3  Reproduce results from Julie Lê Hoang (2017) in Arabidopsis thaliana

Author

Samuel Ortion

Published

May 6, 2024

import os
os.chdir("..")
import pandas as pd
import matplotlib.pyplot as plt
import seaborn as sns
import numpy as np

The analysis relies on TAG data detected on the Arabidopsis thaliana proteome.

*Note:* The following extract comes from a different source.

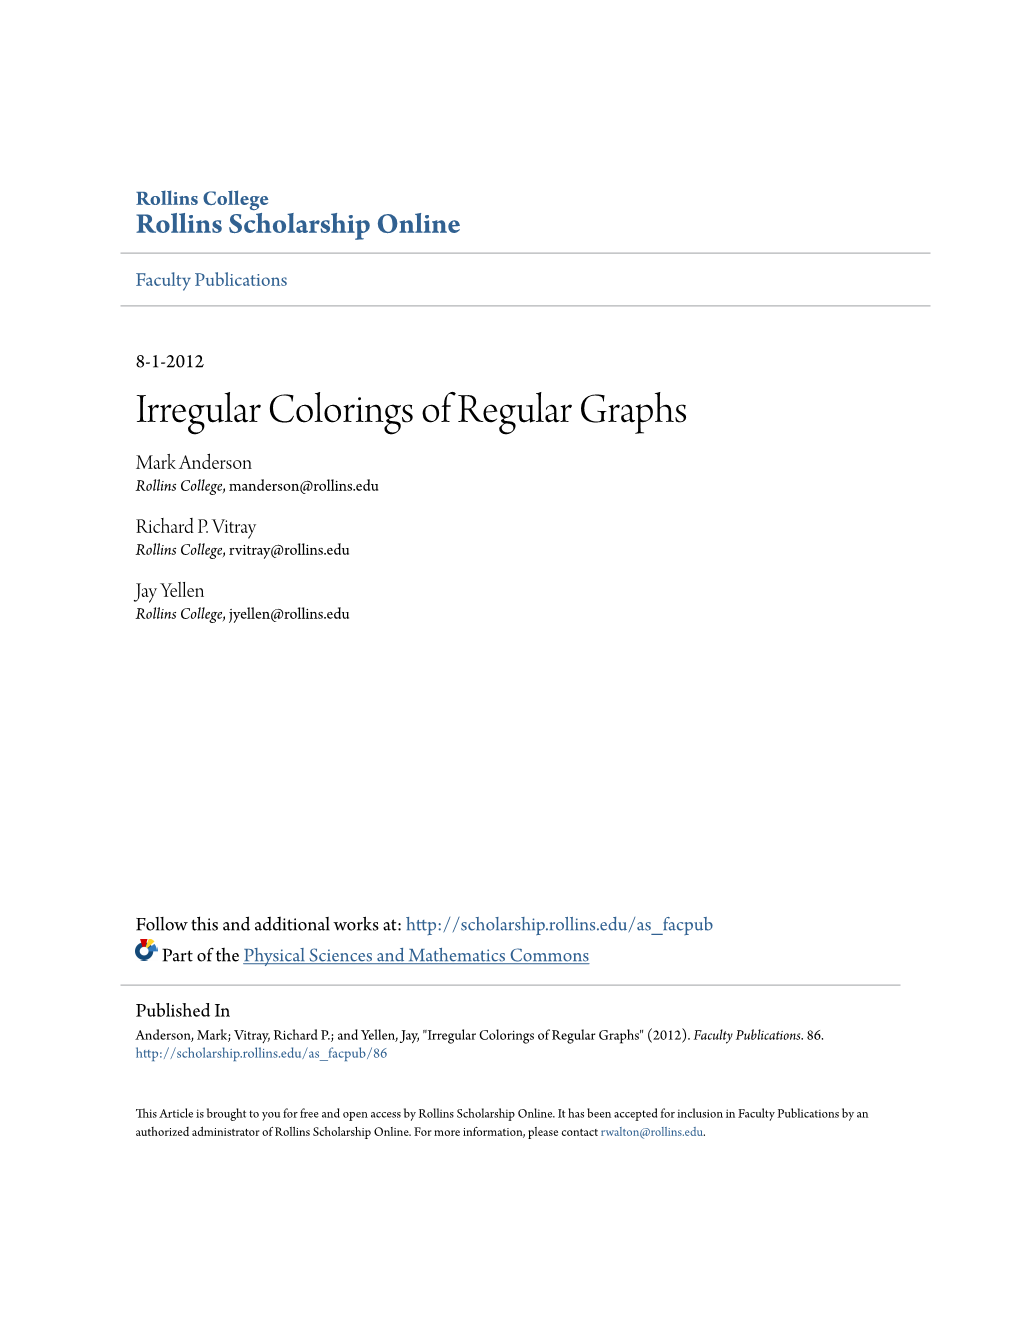 Irregular Colorings of Regular Graphs Mark Anderson Rollins College, Manderson@Rollins.Edu

Parameter configuration: see ../exp/20240501_TAG_list_size_distributions/config/config.yaml

3.1 Number of TAG and number of genes for each TAG definition

tag_filename = "./tmp/TAIR10_Ensembl.Walktrap.TAGs.tsv" # FTAG-Finder generated, git-revision b192d0b9dd31c65c4c156646236acd263461a5db
tag_df = pd.read_csv(tag_filename, sep="\t", na_values=["-"])
tag_df.head()
geneName chromosome strand family tag0 tag1 tag5 tag10
0 AT1G01010 1 1 1 NaN NaN NaN NaN
1 AT1G01020 1 -1 4 NaN NaN NaN NaN
2 AT1G01030 1 -1 6 NaN NaN NaN NaN
3 AT1G01040 1 1 spacers0 NaN NaN NaN NaN
4 transcript:at1g01046 1 1 spacers1 NaN NaN NaN NaN
tag_definitions = [0, 1, 5, 10]
tag_columns = [f"tag{i}" for i in tag_definitions]

How many TAGs are there for each definition?

tag_column = "tag0"
unique_tag = pd.concat([tag_df["chromosome"], tag_df[tag_column]]).unique()
unique_tag.shape[0]
313

How many genes are implicated in a TAG for each definition?

for tag_column in tag_columns:
    print(f"Number of genes implicated for {tag_column}: {tag_df[~tag_df[tag_column].isna()].shape[0]}")
Number of genes implicated for tag0: 2788
Number of genes implicated for tag1: 3321
Number of genes implicated for tag5: 3664
Number of genes implicated for tag10: 3799

There is discrepancies between the numbers presented by Julie Lê-Hoang and the results I obtained.